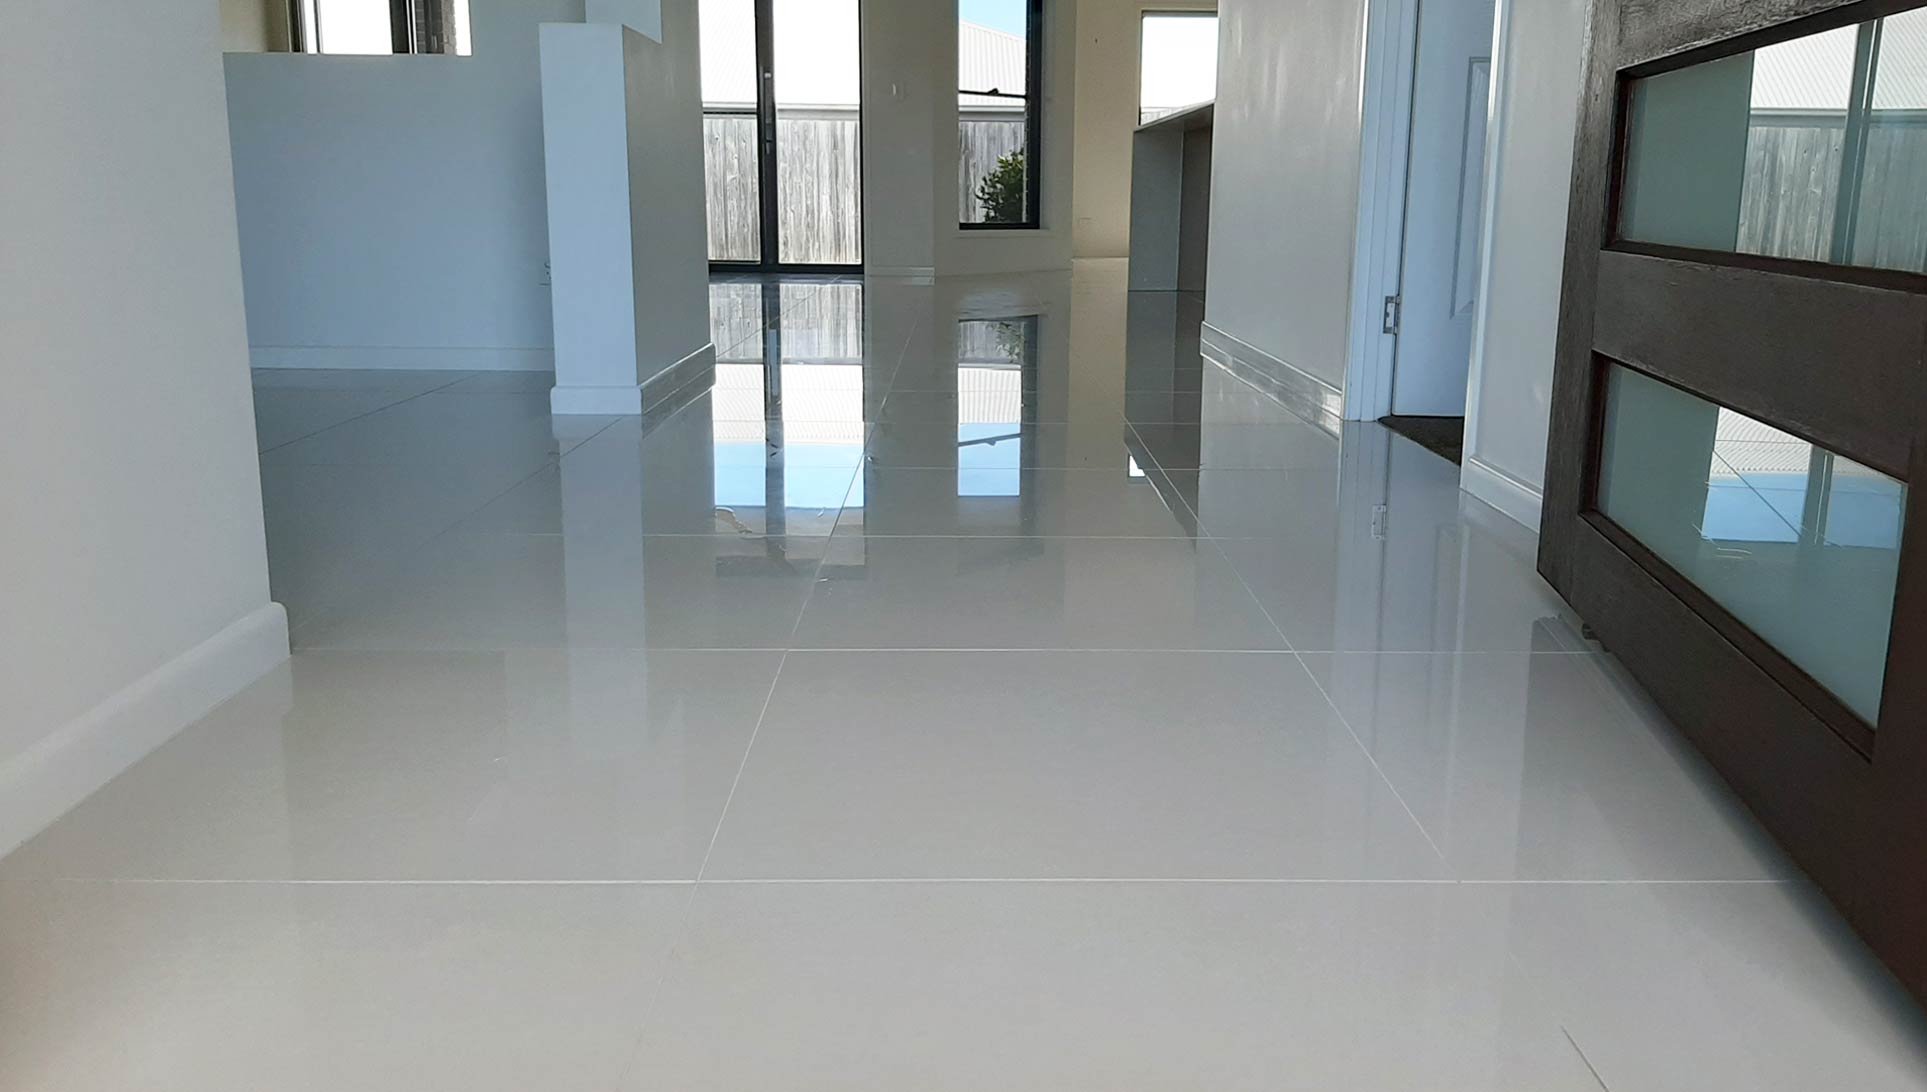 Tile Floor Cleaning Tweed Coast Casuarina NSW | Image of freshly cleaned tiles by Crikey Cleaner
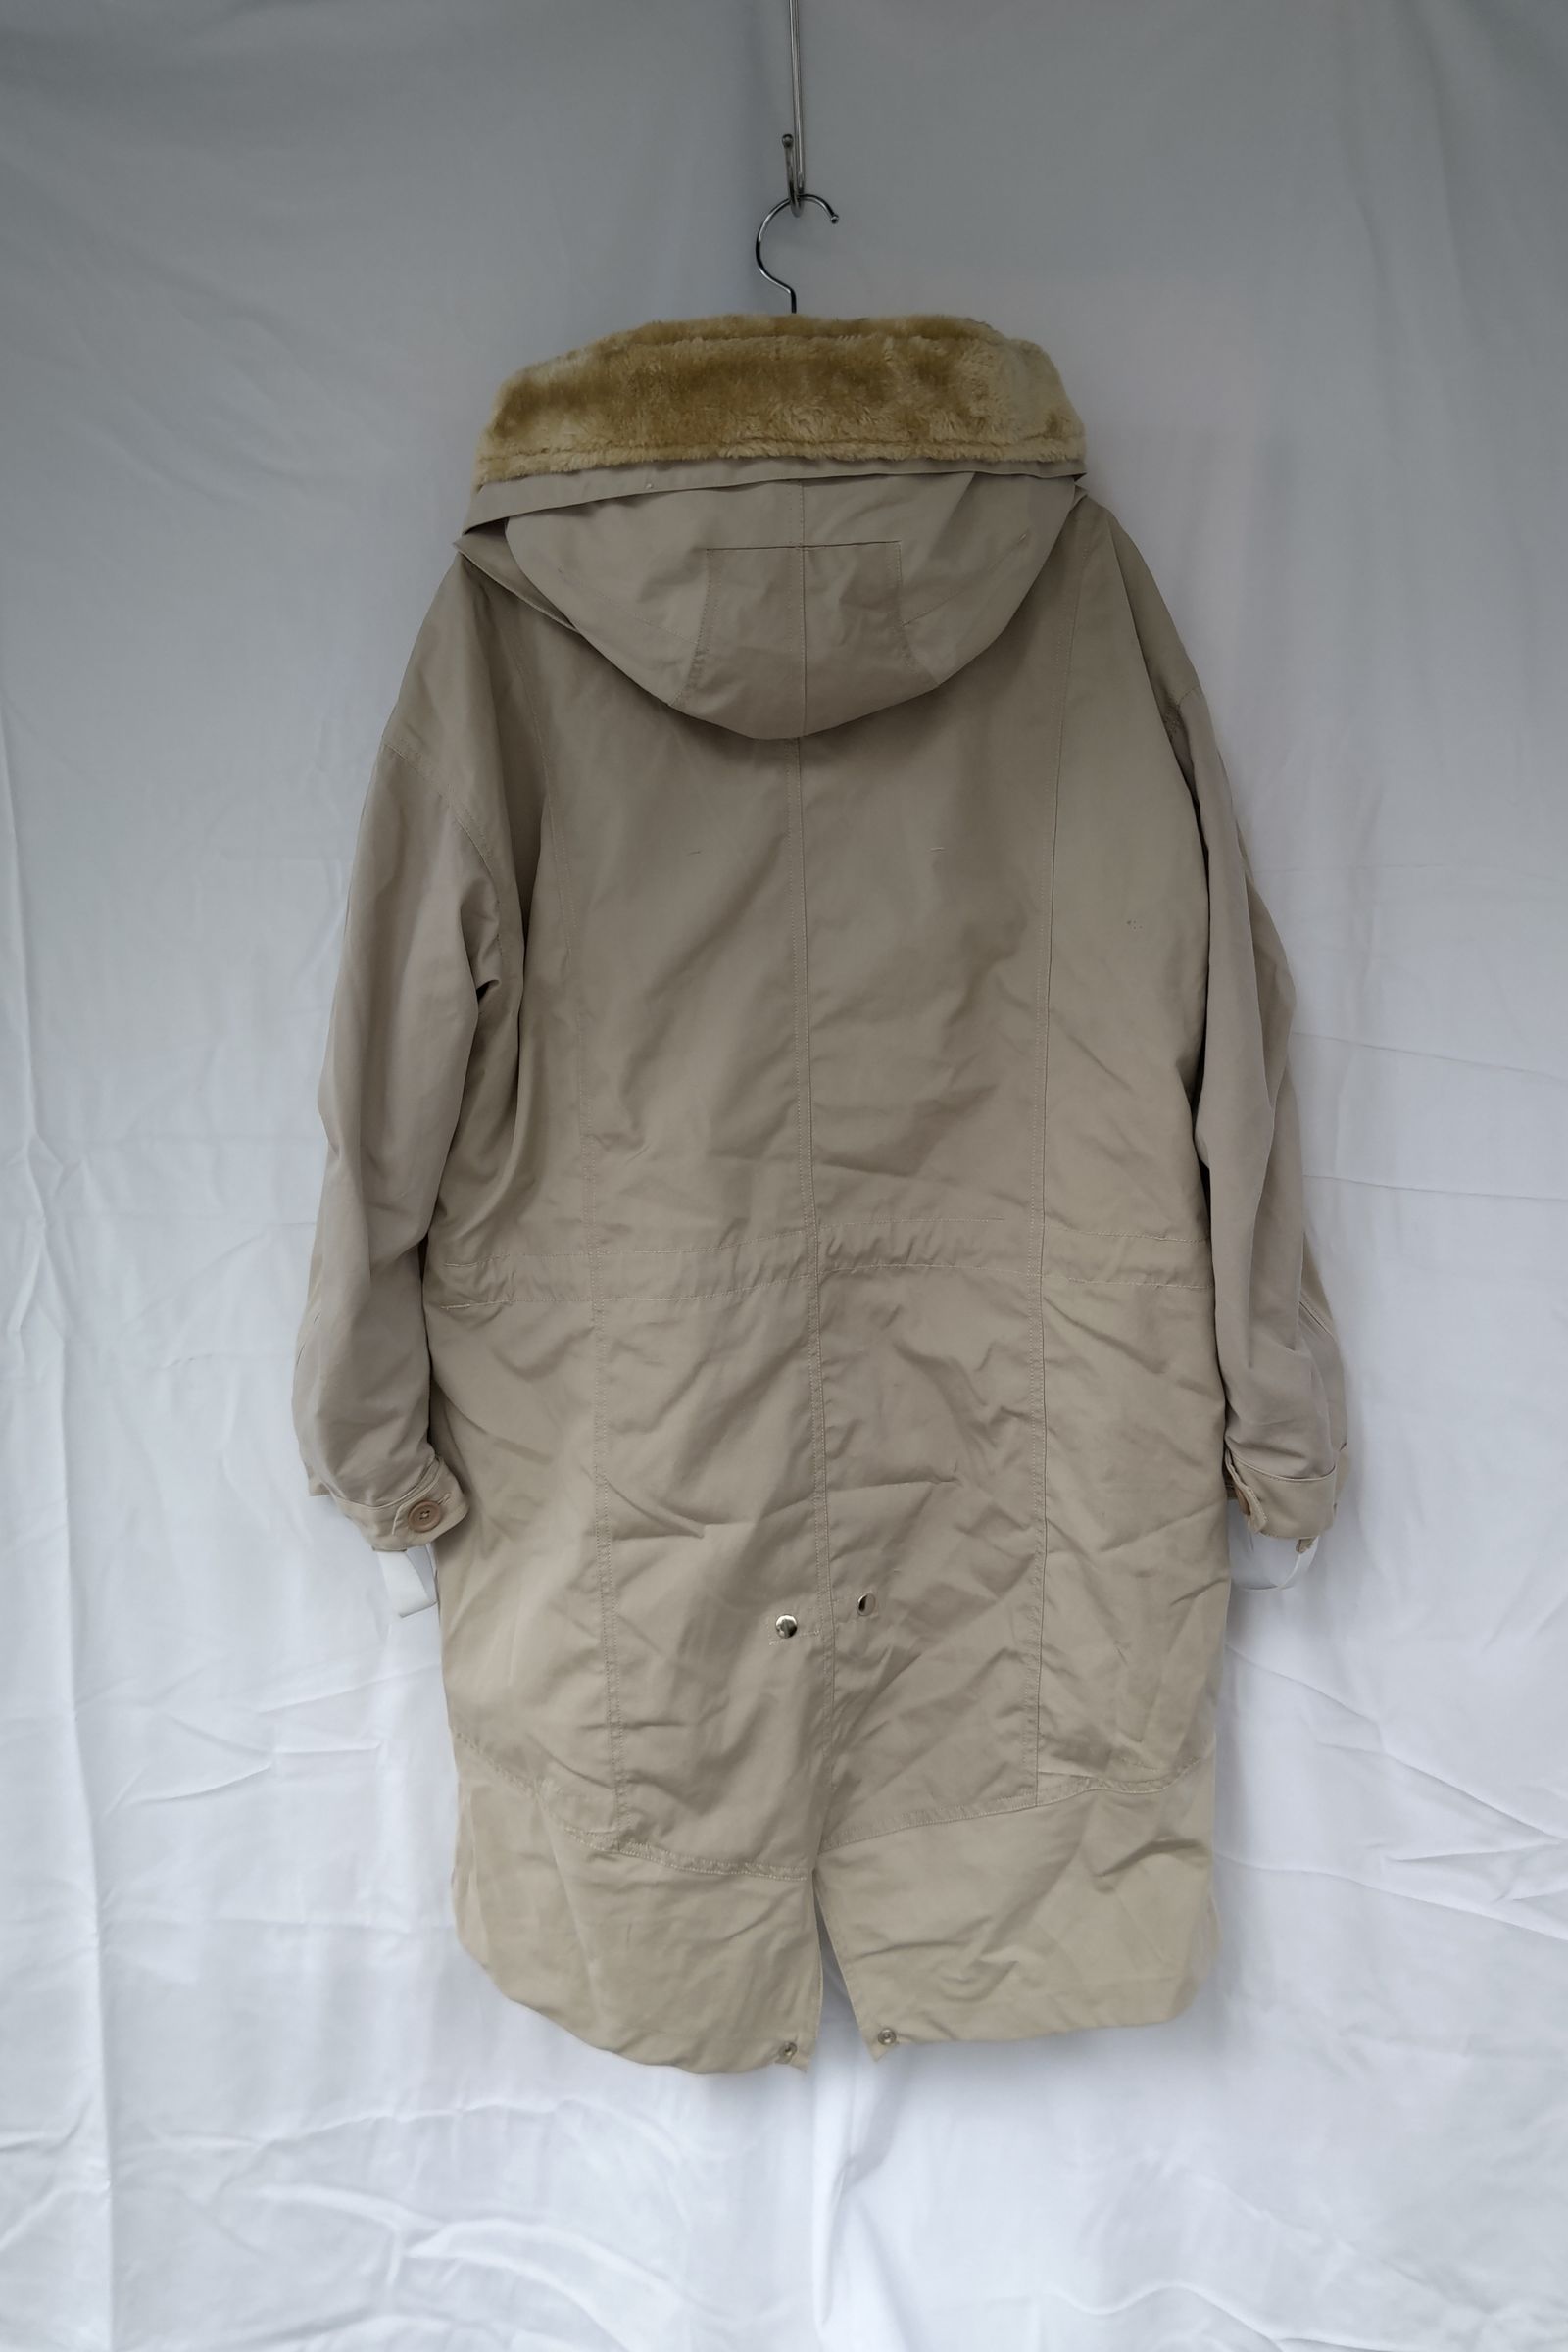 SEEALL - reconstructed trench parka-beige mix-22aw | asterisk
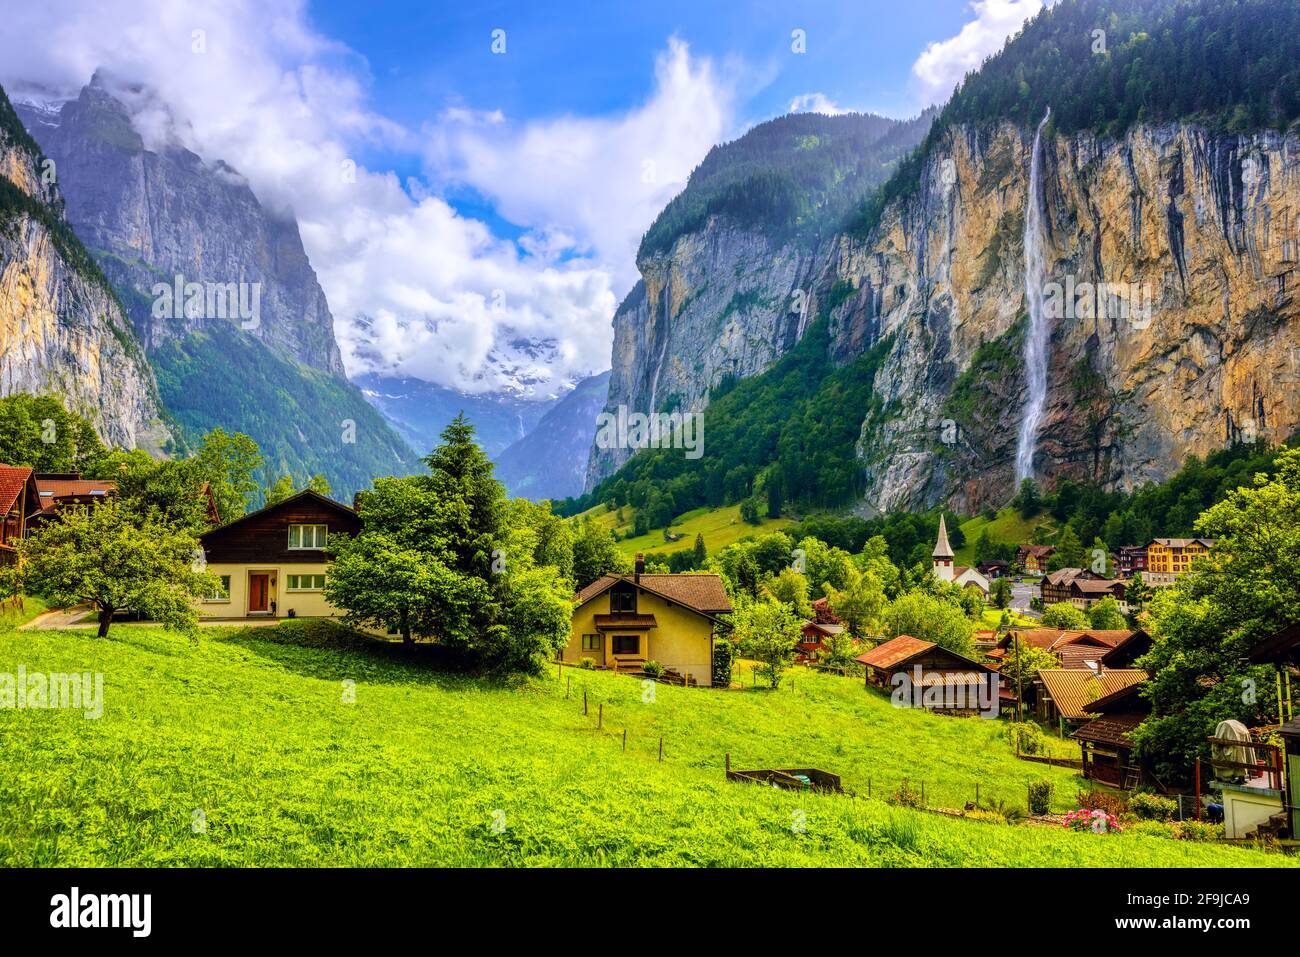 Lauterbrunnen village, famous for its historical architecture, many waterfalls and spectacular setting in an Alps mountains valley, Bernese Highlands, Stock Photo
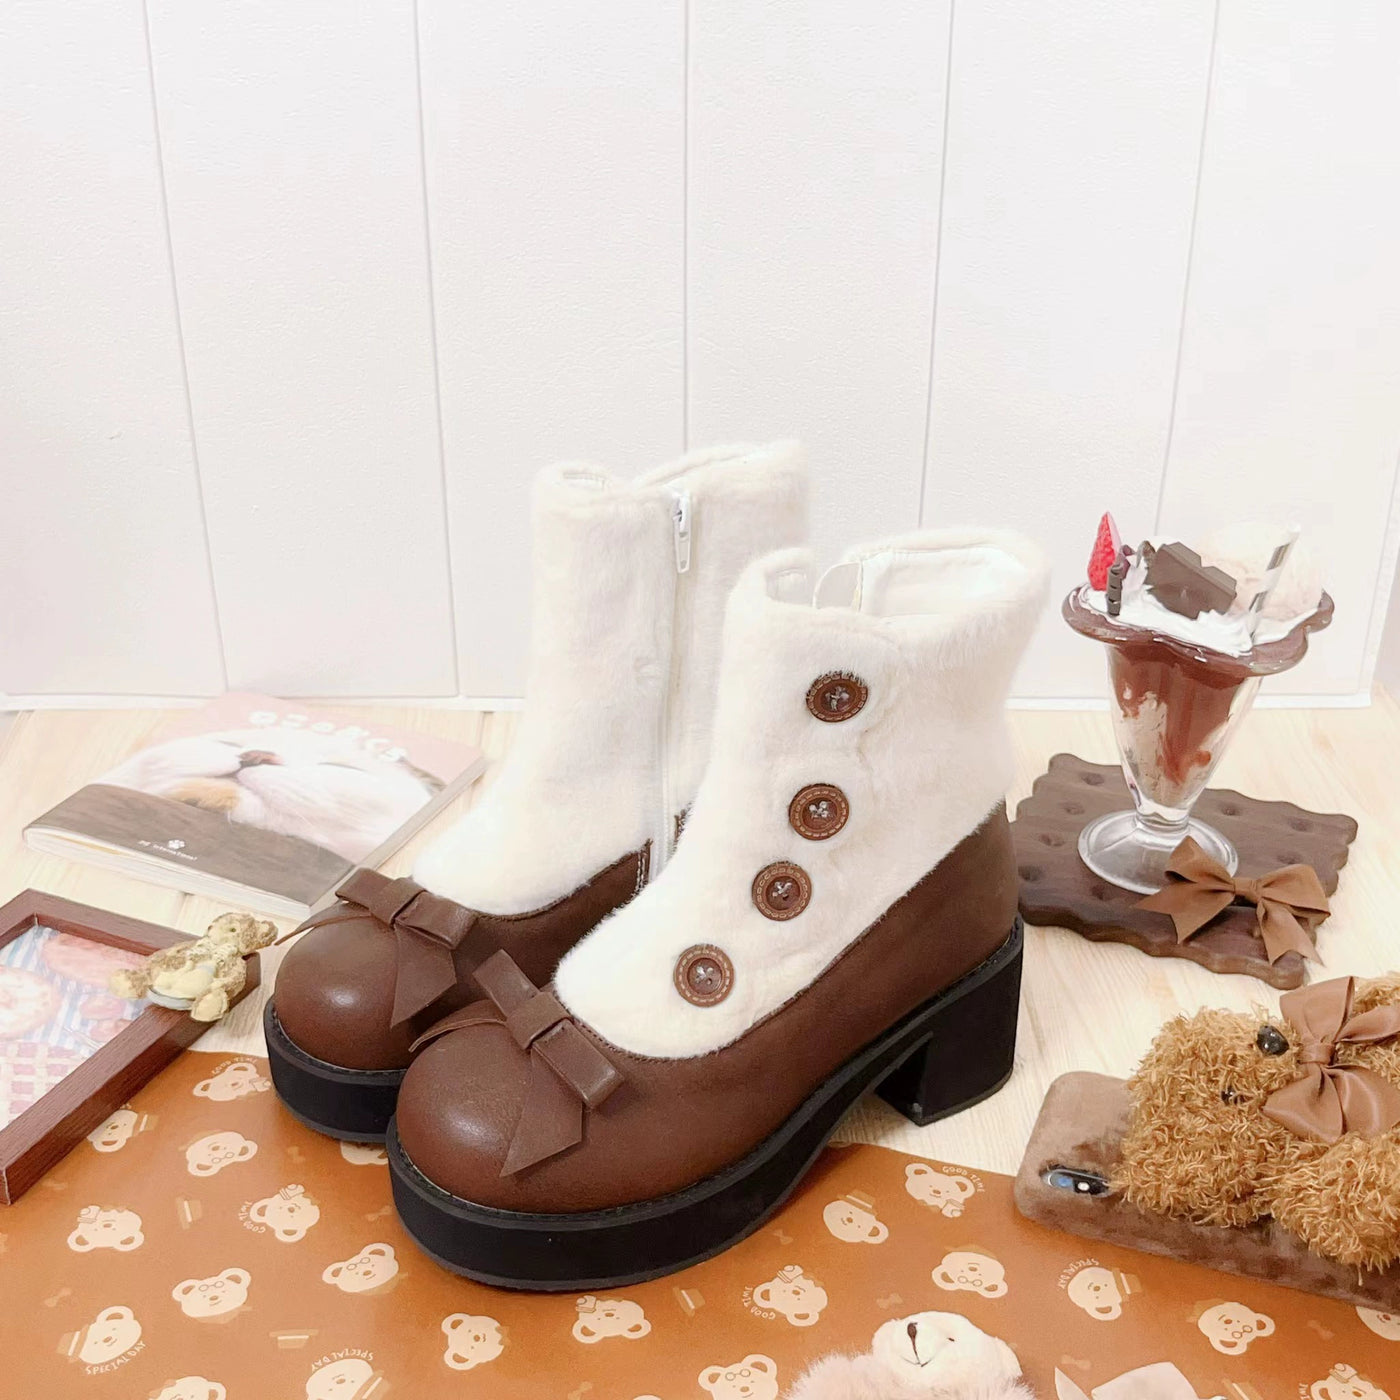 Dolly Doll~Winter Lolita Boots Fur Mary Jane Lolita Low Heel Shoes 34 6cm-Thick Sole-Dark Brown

•••••

*Exercise*: Retype, word for word, only the lines from the line with "Lauterbrunnen village, famous" to the final line of the listing above; the pictures do not belong in the copy.

*Response area*:
 Lauterbrunnen village, famous for its historical architecture, many waterfalls and spectacular setting in an Alps mountains valley, Bernese Highlands, Stock Photo
 Dolly Doll~Winter Lolita Boots Fur Mary Jane Lolita Low Heel Shoes 34 6cm-Thick Sole-Dark Brown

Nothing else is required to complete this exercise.